Unrelated PS: The 3rd edition of Gelman’s Bayesian Data Analysis is being released soon, with contributions from David Dunson and Aki Vehtari.

Ad hoc collaboration

Rbloggers have announced the launch of RPubs, a free service which makes it easy to publish code and analysis on the web. It’s based on RStudio and the markdown package and looks like a great way for people to show analysis to co-workers who might not have R on their computers when you don’t feel like writing a report. I really like this idea and might end up using it in my office to show what we can do with statistics.

Another thing I’ve been thinking about is the potential to use an Apple TV and its screen sharing capabilities to do presentation work from iPhones, iPads and Mac computers. A lot of people in my office have iPhones, so an Apple TV hooked up to a HDMI screen (surely universities just leave these lying around) might be a good way to get a group of people to take some notes or share prepared slides with a small room of people. For example, if people had a PDF version of slides on their iPhones they could take control of the Apple TV and use their iPhone to flick through the slides, allowing everyone to stay in their seats and control the slideshow from their own device.

I was excited by Google Wave when it first launched, as it combined a lot of what I liked about Gmail, Google Docs and Google Chat with an extension system, making it an incredibly powerful and flexible platform for collaborative work. Unfortunately it was released prematurely and died off after a flurry of uptake. Google Plus doesn’t really make up for it, either. I really liked the idea of collaboratively writing a document and being able to add in a voting gadget to resolve whether a section should be included. I used it socially to determine the dates of picnics with friends, which was probably where most of my use was directed.

Probably the best example of how useful I found it was in writing a manual of procedures with about ten other volunteers who would ask questions. As we answered the questions, we folded the answers into the main part of the document. This was much more useful than writing a static document and then having a separate email list for discussion, or using track changes in Microsoft Word to email around a huge document that kept on growing.

I have high hopes for the internet in terms of ad hoc collaboration, particularly academic collaboration. I find GitHub really exciting because it allows me to work on a private project and then add a collaborator when they come on board. Once a project is finished and the paper published, that private repository can be made public and anyone can fork it and do with it what they will. If they’re intrigued by what’s been done, they could contact me and discuss what they’ve done and we can build a new project based on their fork of my work. With so much of my work being based on R or MATLAB and written up in LaTeX, I find this potential way of working quite sensible. Add in the fact that GitHub gives you a wiki system for each project and you’ve got a great tool at your disposal.

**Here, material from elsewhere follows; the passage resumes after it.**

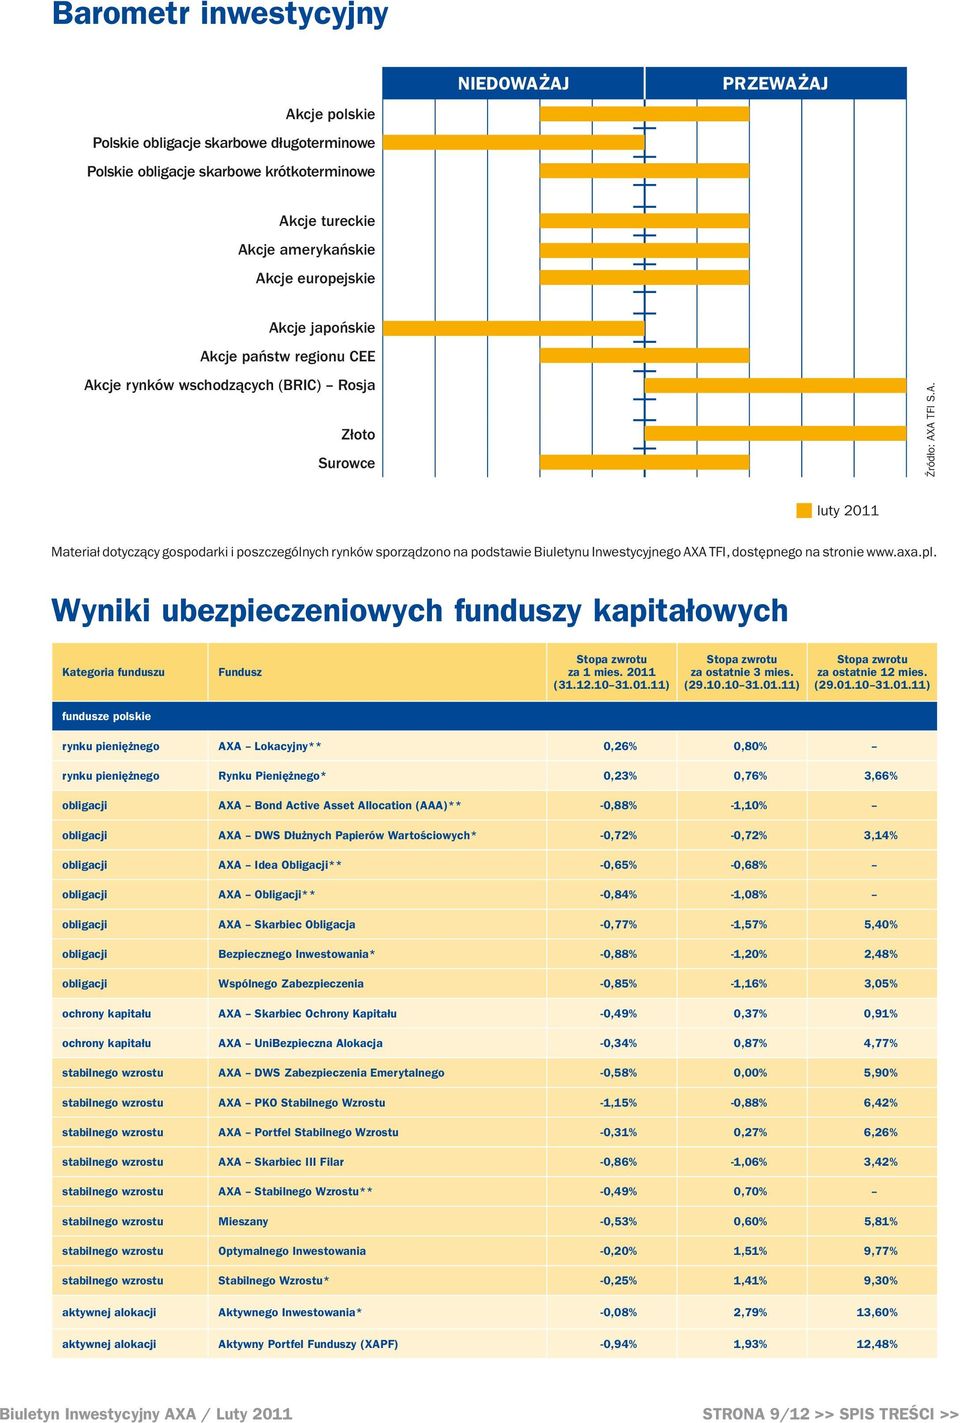 axa.pl. Wyniki ubezpieczeniowych funduszy kapitałowych Kategoria funduszu fundusze polskie Fundusz za 1 mies. 2011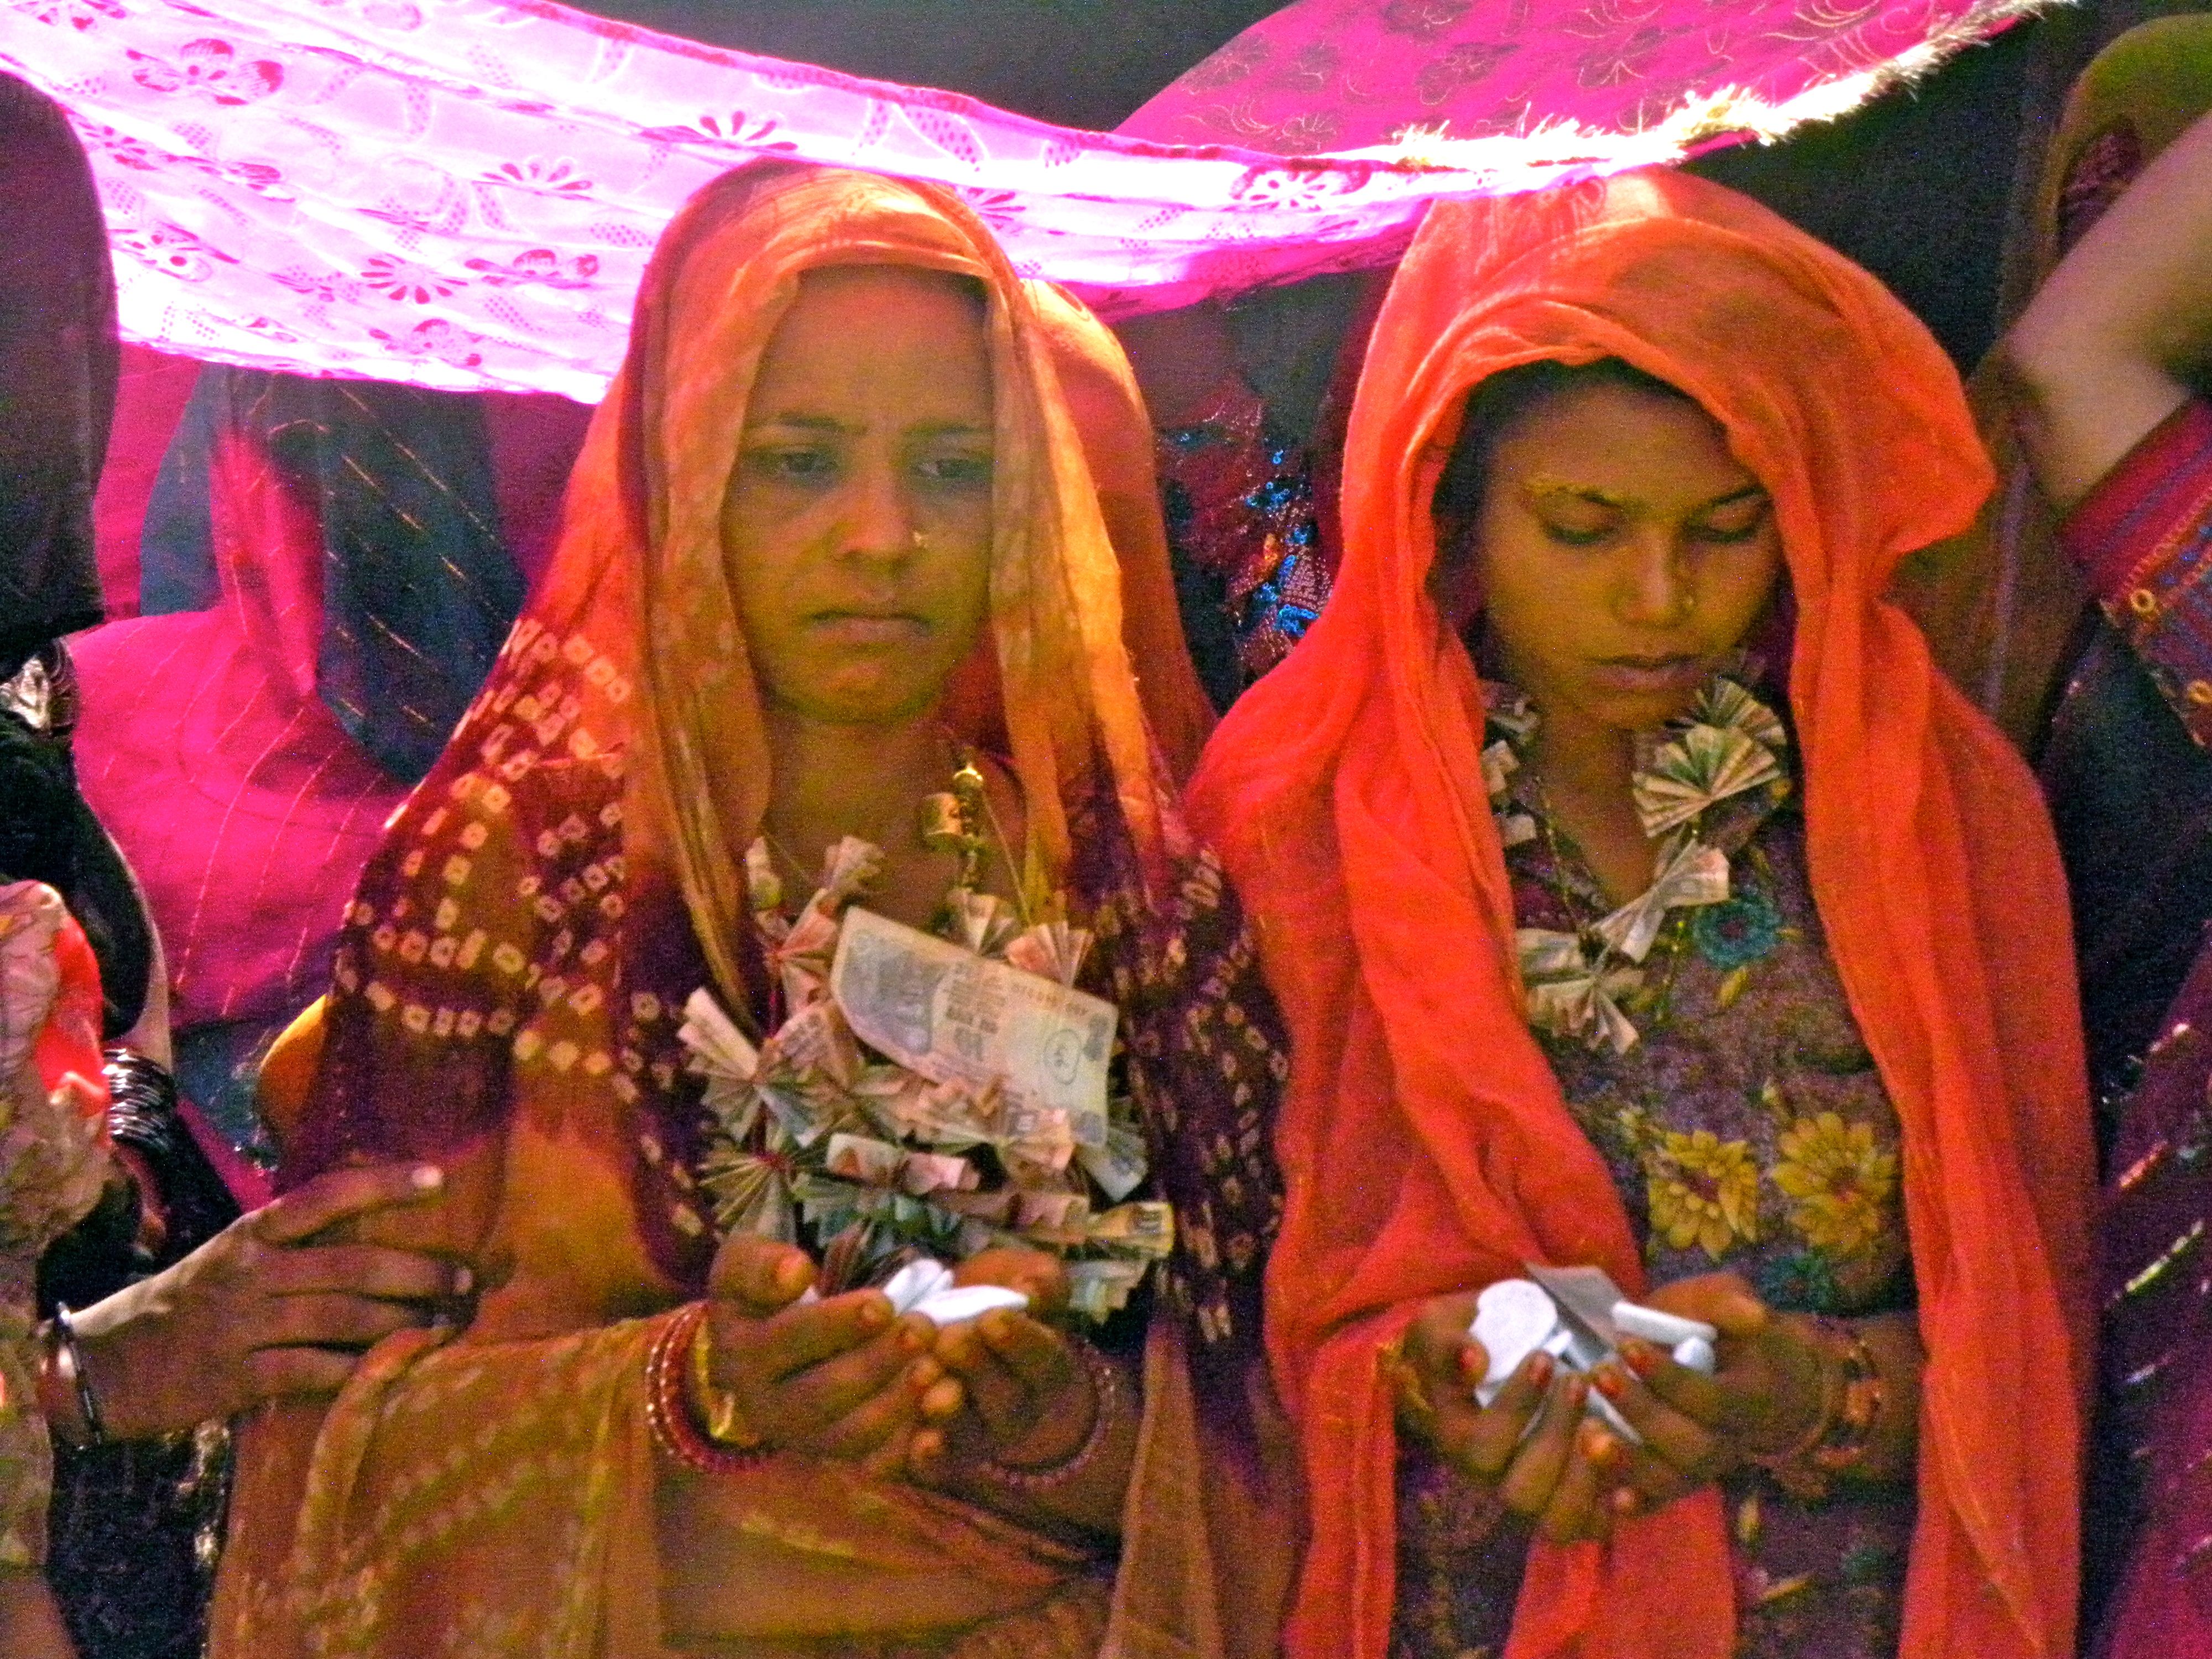  Prostitutes in Gujrat, Pakistan

A somewhat ad hoc collaborative tool that I organised is the wiki for QUT’s Bayesian Non-parametrics reading group. This is a repository for the collective work of the group, including Q&A on the papers we’re reading, notes from the meetings, a list of papers read, code chunks, links to videos explaining what we’re working on, etc. It’s been a really useful tool and I’d hope that others interested in the same work could use it as a resource for their own learning.

There’s a lot of really cool stuff out there. It’s a matter of finding useful tools that don’t have particularly high barriers to entry and allow non-experts to view expertly produced material (like on RPubs). The longer it’s been since one was a student, the less likely one seems to be to adopt new workflow practices. I’ve suggested git to my supervisors as a good way for our groups to work but I have a feeling that none of them are interested enough in distributed version control to put the effort in to learning how to use them. So for now it’s annotated PDFs or printed pages with scribbles on them rather than making the edits to a LaTeX source file and committing and pushing their changes to a shared repository.